TVS is an architecture, planning, and interior design firm in Atlanta.

History
Founded in 1968 by Bill Thompson, Tom Ventulett, and Ray Stainback, tvsdesign has designed several notable buildings in greater Atlanta and beyond throughout the years, including the Omni Coliseum and Complex, the Georgia Dome, the AT&T Promenade buildings, the CNN Center, the Concourse at Landmark Center in Sandy Springs, the Georgia Aquarium, the Georgia World Congress Center buildings, and the to-be-completed Mercedes-Benz Stadium.

Also running offices in Chicago, Dubai and Shanghai, tvsdesign has designed several prominent buildings outside of Atlanta as well, including the Washington DC Convention Center, the Nanjing International Expo Center, the Pennsylvania Convention Center in Philadelphia, and the Vision Tower in Dubai.

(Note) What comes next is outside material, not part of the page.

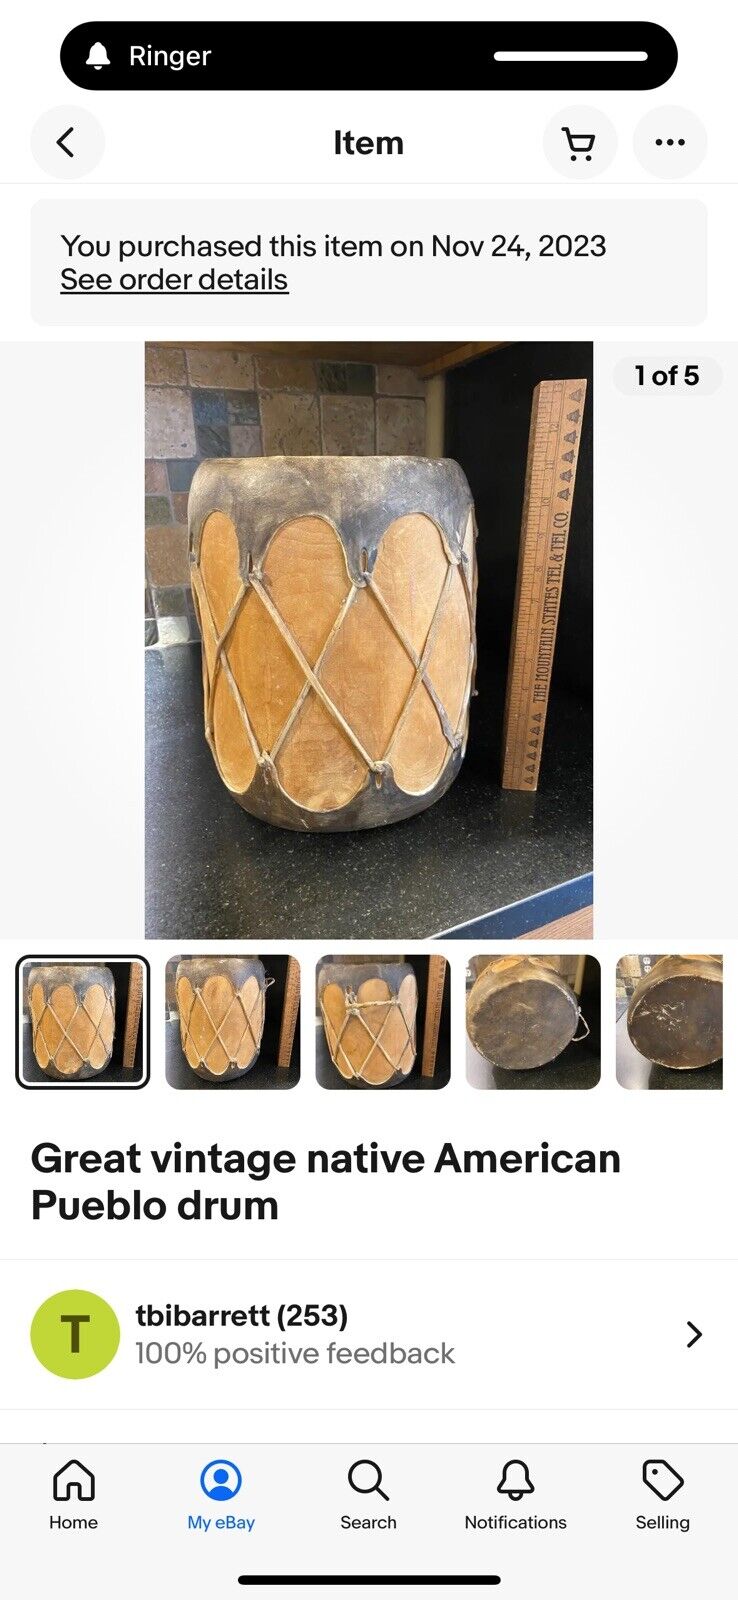 Great vintage native American Pueblo drum

In 2016, the firm named Janet Simpson its third president and first female president.

Notable projects

Awards 
 In 2002, Tvsdesign was awarded the Architecture Firm Award by the American Institute of Architects, which is given only once each year and recognizes the design work of an entire firm.
 Urban Land Institute 2012 Global Awards for Excellence for the Levine Center for the Arts in Charlotte, NC.

References 

Design companies established in 1968
Companies based in Atlanta
Architecture firms of the United States
1968 establishments in Georgia (U.S. state)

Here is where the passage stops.